More Omaha Home Builders Should Use Permission Marketing

May 22, 2008 · Filed Under Omaha Housing Market · Comment 

I’d like to challenge more Omaha home builders to use permission marketing.

Permission marketing means that the marketer delivers anticipated, personal and relevant messages to the people who want to get those messages.

The key word here is want.

Your potential customers should want to get your updates. Your customers want to know all sorts of things. Things like:

  • New floor plans
  • New homes for sale
  • New lots for sale
  • Price drops on existing homes for sale
  • New options
  • New contractors that you’re trying out
  • New vendors whose products are going into your homes
  • What you think about the latest home trends

Yes, Omaha home builders, your customers (and potential customers) are interested in hearing what you have to say. You’re the expert home builder, after all. What you have to say on the subject has to be worth something, especially to people who are considering plunking down $200,000 to $1,000,000 on what you sell.

How does permission marketing benefit your home building business?

Well, permission marketing, done right, can help Omaha home builders avoid that whole request for proposal/price shopping stage of the game.

Selling anything, including homes, on the basis of price alone is a losing proposition for the seller. When you and the other folks in your field fail to differentiate yourselves from one another, you’re not selling a home, you’re just selling a commodity. When a bunch of people are just selling commodities, cheap guy wins.

If you can skip over the RFP stage, you’re already ahead of other Omaha home builders. While they’re fielding calls and talking to people who want to dicker over $500 here and $2000 there, you have customers who are waiting to see what you’re thinking, doing and selling. They’re interested enough in your product to permit you to market to them.

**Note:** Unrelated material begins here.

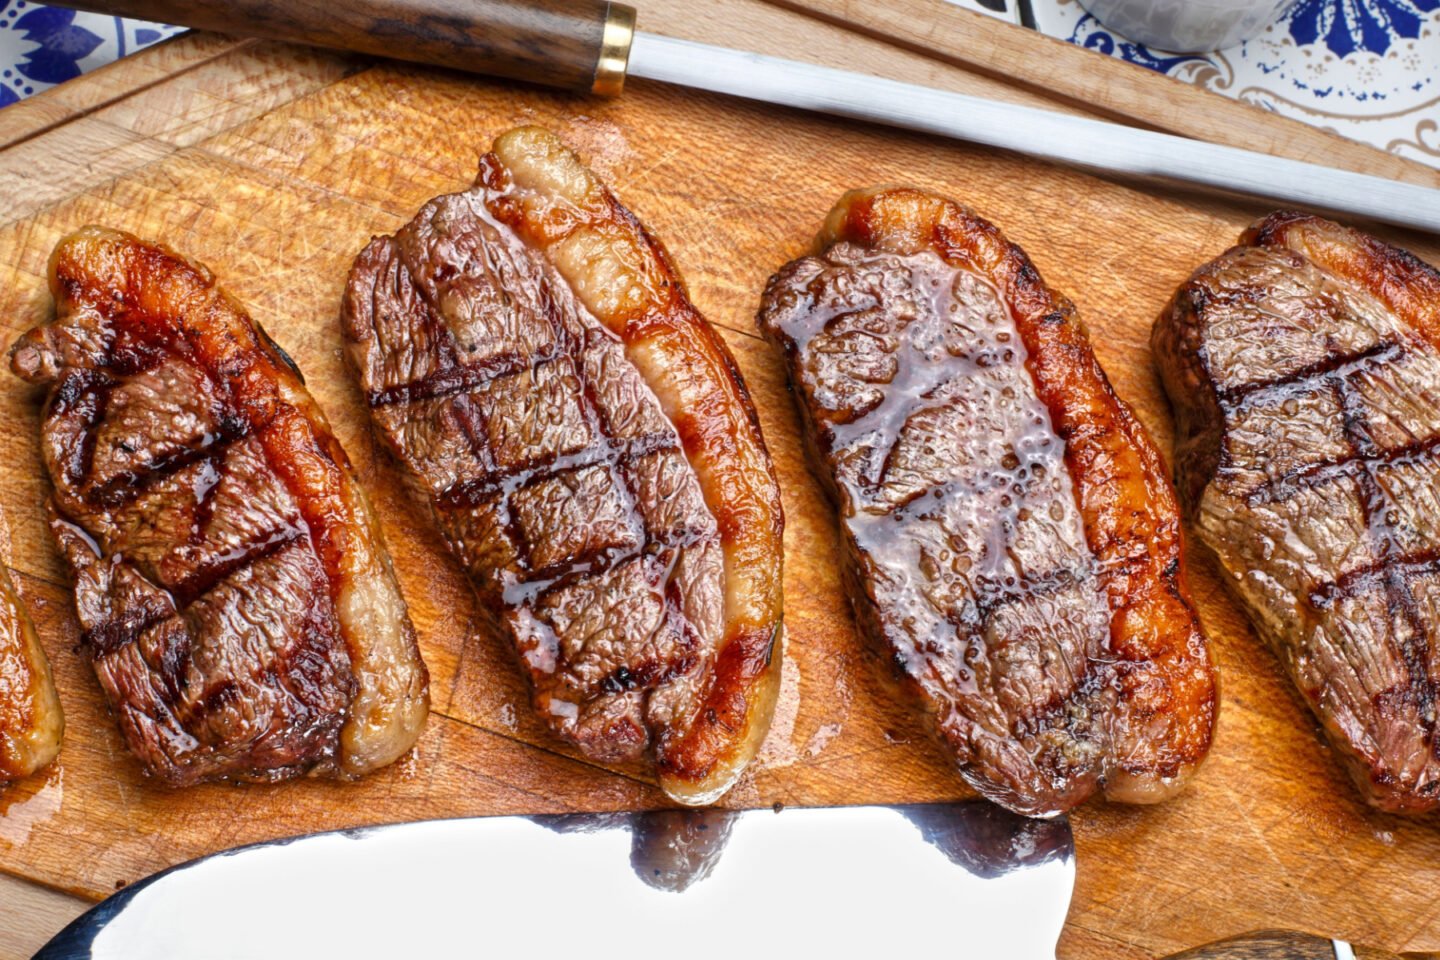 brazilian picanha steaks on a wooden board

And please, make it easy for your customers to sign up for your updates. RSS feeds are an excellent way to do this, especially if you implement a blog into your website. Jeff Davis, an affordable search engine optimization consultant, can do this for you for a good price.

Regency Homes Owner Talks About Omaha Housing Market

May 6, 2008 · Filed Under Omaha Housing Market, Regency Homes · Comment 

As many of you watching the housing market in Omaha and the rest of the United States know, the last few years in the homebuilding market have been hard ones. Times are a bit lean for the crowded Omaha home building market and Omaha home builders who, in the past, didn’t look ahead and prepare for today’s downturn were courting disaster.

Just recently, in February of 2008, Gateway Homes filed for bankrupcy, leaving over 140 creditors holding the bag and wondering how exactly they were going to get paid for work they did for that homebuilder. While that case is working its way through the legal system, both people who paid for a new Gateway home and people who actually contracted with Gateway Homes are now realizing the folly in not researching the financial details and background of the Omaha home builder that you’re dealing with.

While new home sales numbers in the Omaha area aren’t terrible, Regency Homes owner Dennis Van Moorleghem, who has a good sense of old-time PR but hasn’t taken advantage of the advantages that the Internet has to offer, has stated that Regency Homes has taken steps to get through the lean times.

By doing what most other smart home builders in the Omaha area are doing, and reducing the amount of spec homes they put on a slow market, Regency Homes is definitely on the right track to staying in business.

According to Dennis Van Moorleghem:

Normally, we’d run 50 to 60 houses - specs. We’re down to about 18.

If you look at the past market upswings and downturns, you’ll notice that after every slowdown a new “buyer” comes forward to bring a new focus to what homebuilders build. According to Van Moorleghem:

It’s going to be a whole new buyer and everybody in the country is trying to figure it out.

Regency Homes is betting that in 2009 - when the market is expected to rise again - the new home buyer in Omaha will want a smaller, more energy-efficient home that sells for less than $250,000 but doesn’t skimp on the extra features that new home buyers expect.

They want granite. They want stone. They want fireplaces.

With today’s low interest rates and ample inventory available to choose from in the Omaha market, buyers are in the driver’s seat. Despite that, local builders have gone on record saying that they expect the market to bottom out in fall of 2008 and that 2009 will be the turnaround year.